Still Alice also discusses medications--like Namenda--that are in our lexicon. And IVIG, and experimental studies wherein the patient might end up receiving a placebo and not get treatment after all. We considered the Yale IVIG study when it first came out but we didn't want to put our son through an experiment that might not help him at all (and good thing, too, because Yale is not known for being up-to-date with Lyme treatment.) And as in real-life, family members research and get genetically tested themselves. I'm not giving too much away because I haven't yet completed reading the book. I must tell you this: once you begin, it's hard to put the book down. Lisa Genova is a wonderful writer. Her characters become my own famiy members. The suspense builds.
Alzheimer's is a horrible life sentence. We desperately need more treatment options for any disease that affects our thinking, emotions and our way of dealing with the world, whether it be PANS or Lyme or another type of autoimmune encephalitis (as in Susannah Cahalan's highly-recommended memoir Brain on Fire.) If long-term Lyme Disease can so dearly affect our brains, we must have more research. It's one thing for me to double-check the spelling of a seldom-used word, it's another for me to have complete memory lapses. Don't tell me it's my age. When I went on the doxycycline, my brain fog lifted and short-term memory began returning. I know myself. I know my brain.
But our children don't yet know who they are. They don't understand why they struggle so in school, why they forget the papers they need to complete an assignment, why their short-term memory has gone missing. They don't understand why they can read a page and suddenly not understand it when just yesterday, it would have made sense. They just begin to believe that they're not bright.

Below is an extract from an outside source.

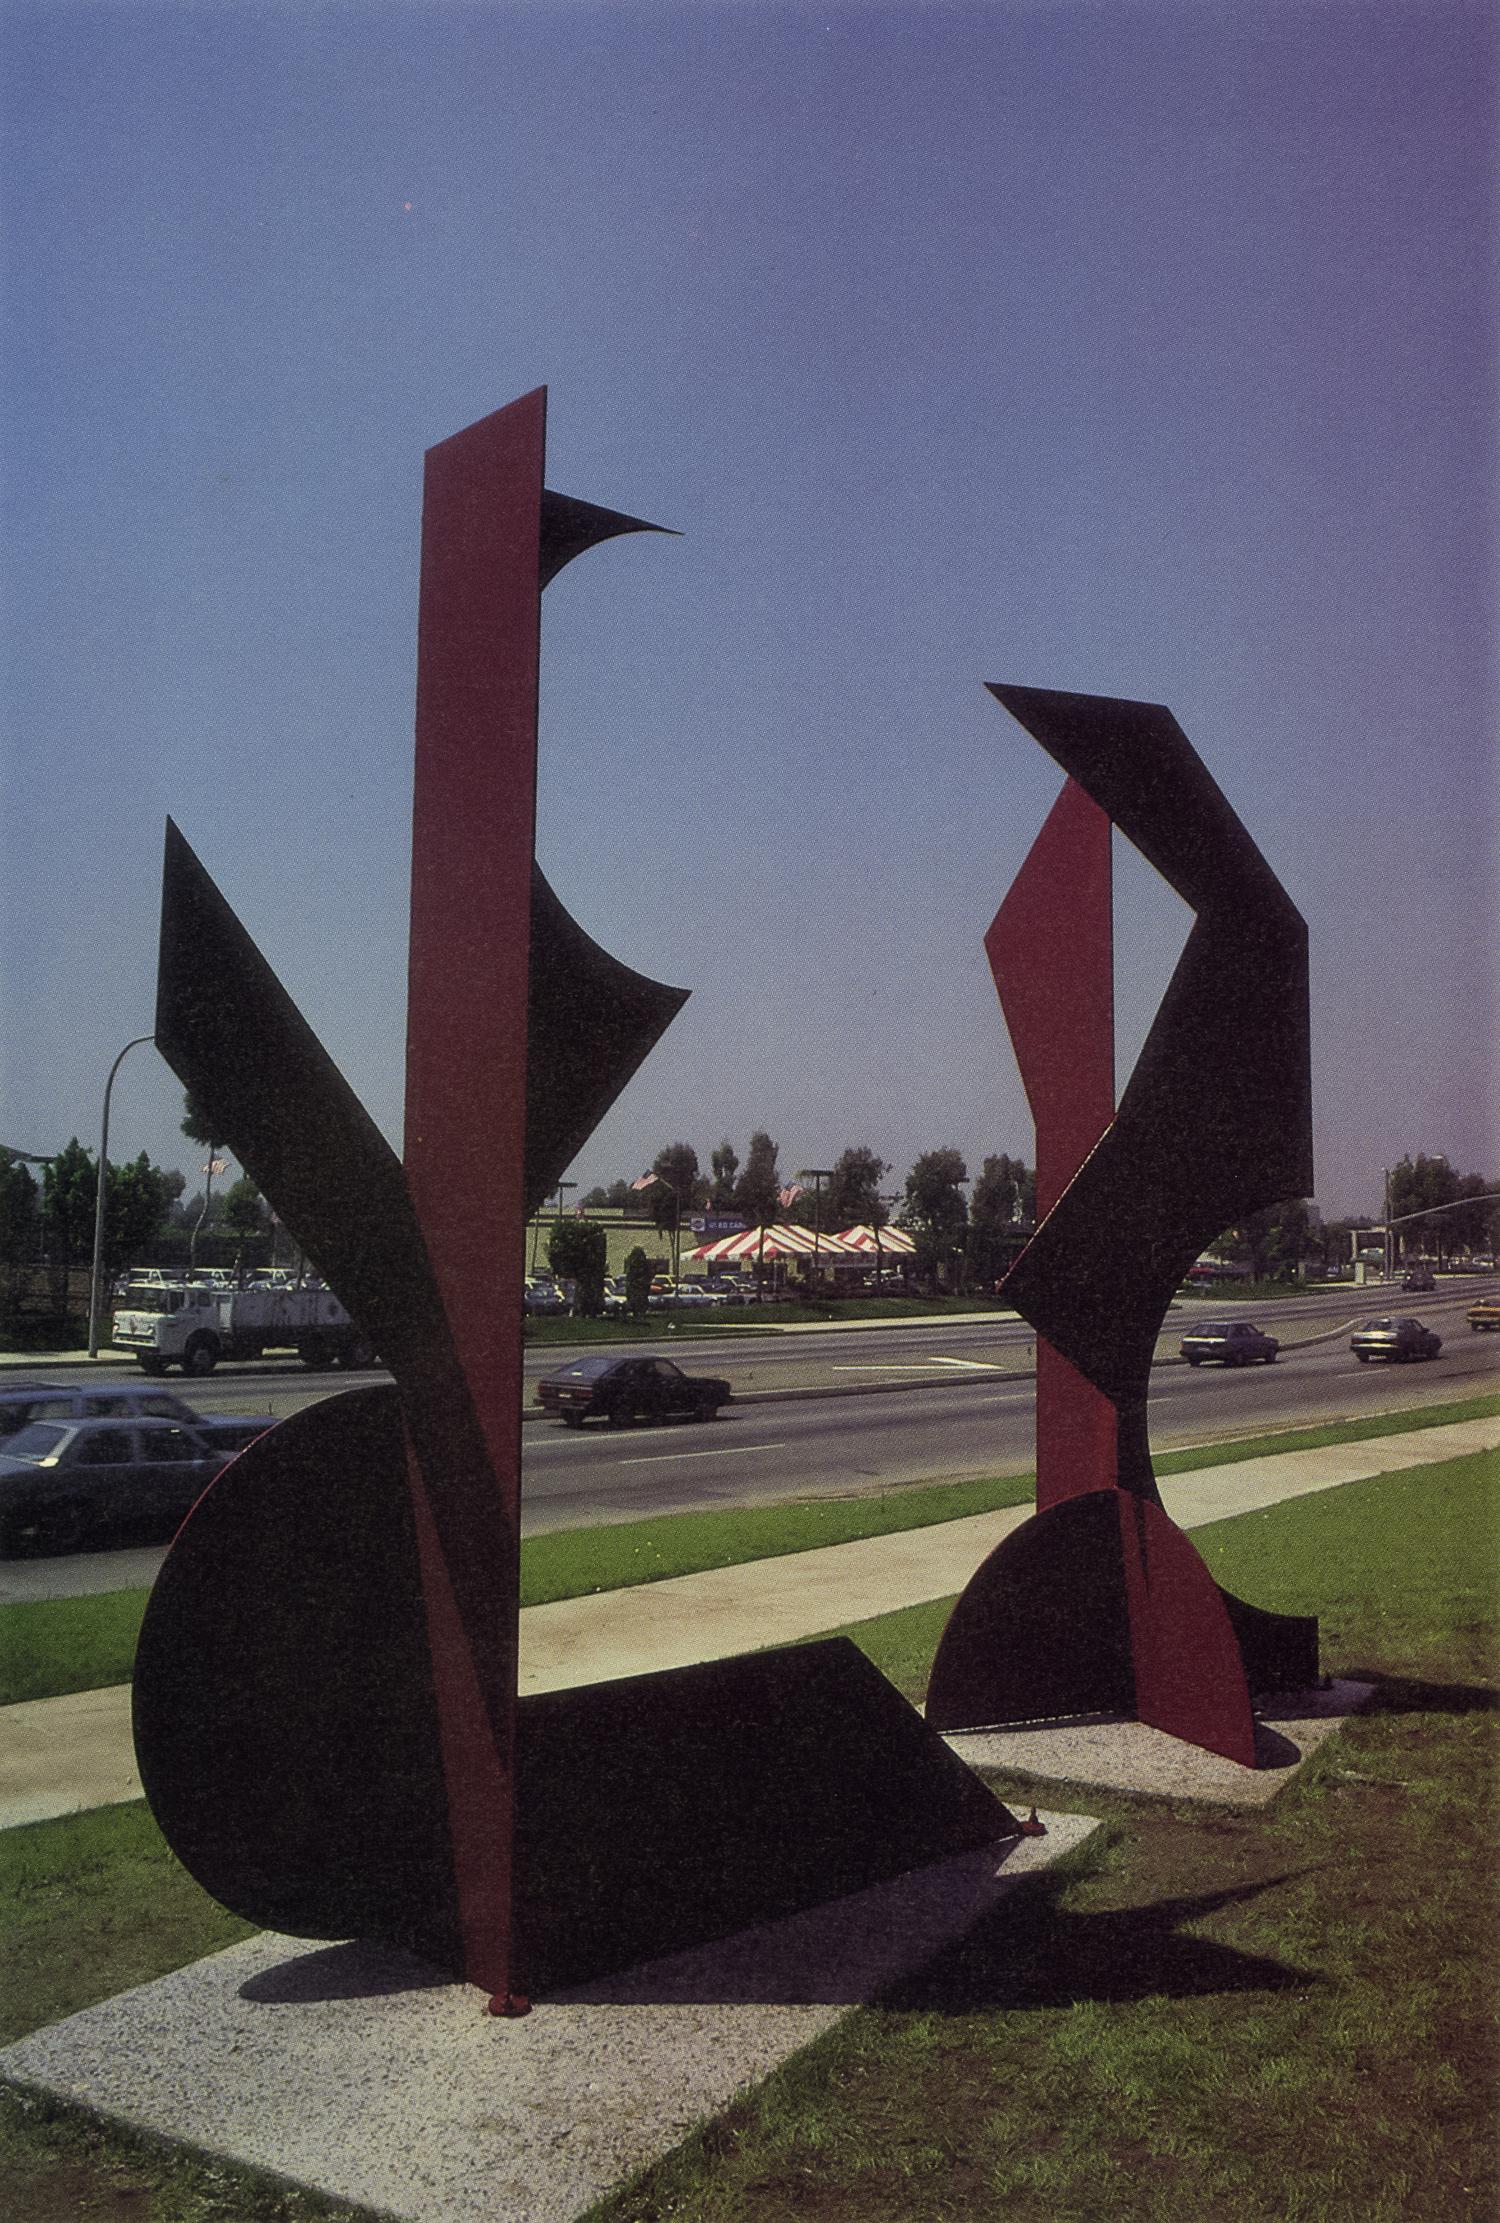 Brea Tech Center, Brea, California; 1987.  Kaikoo IV and XVI.  10.5' x 4' x 4.5'

Clearly, long-term therapies are needed. Anti-inflammatory treatments are also necessary. I can't give up on treating my own case of chronic Lyme Disease, but if and when I do go into some sort of remission, I need to maintain a healthy brain. I must teach my children to do the same.
It's time to stop writing and start reading the end of Still Alice. I think I know what I would do if I were in her position and I want to see how it all works out in the story. I wonder how many more parallels to dealing with PANDAS and Lyme I will find as I read. Meanwhile, researchers are still searching for clues, for treatments and for the means to recovery.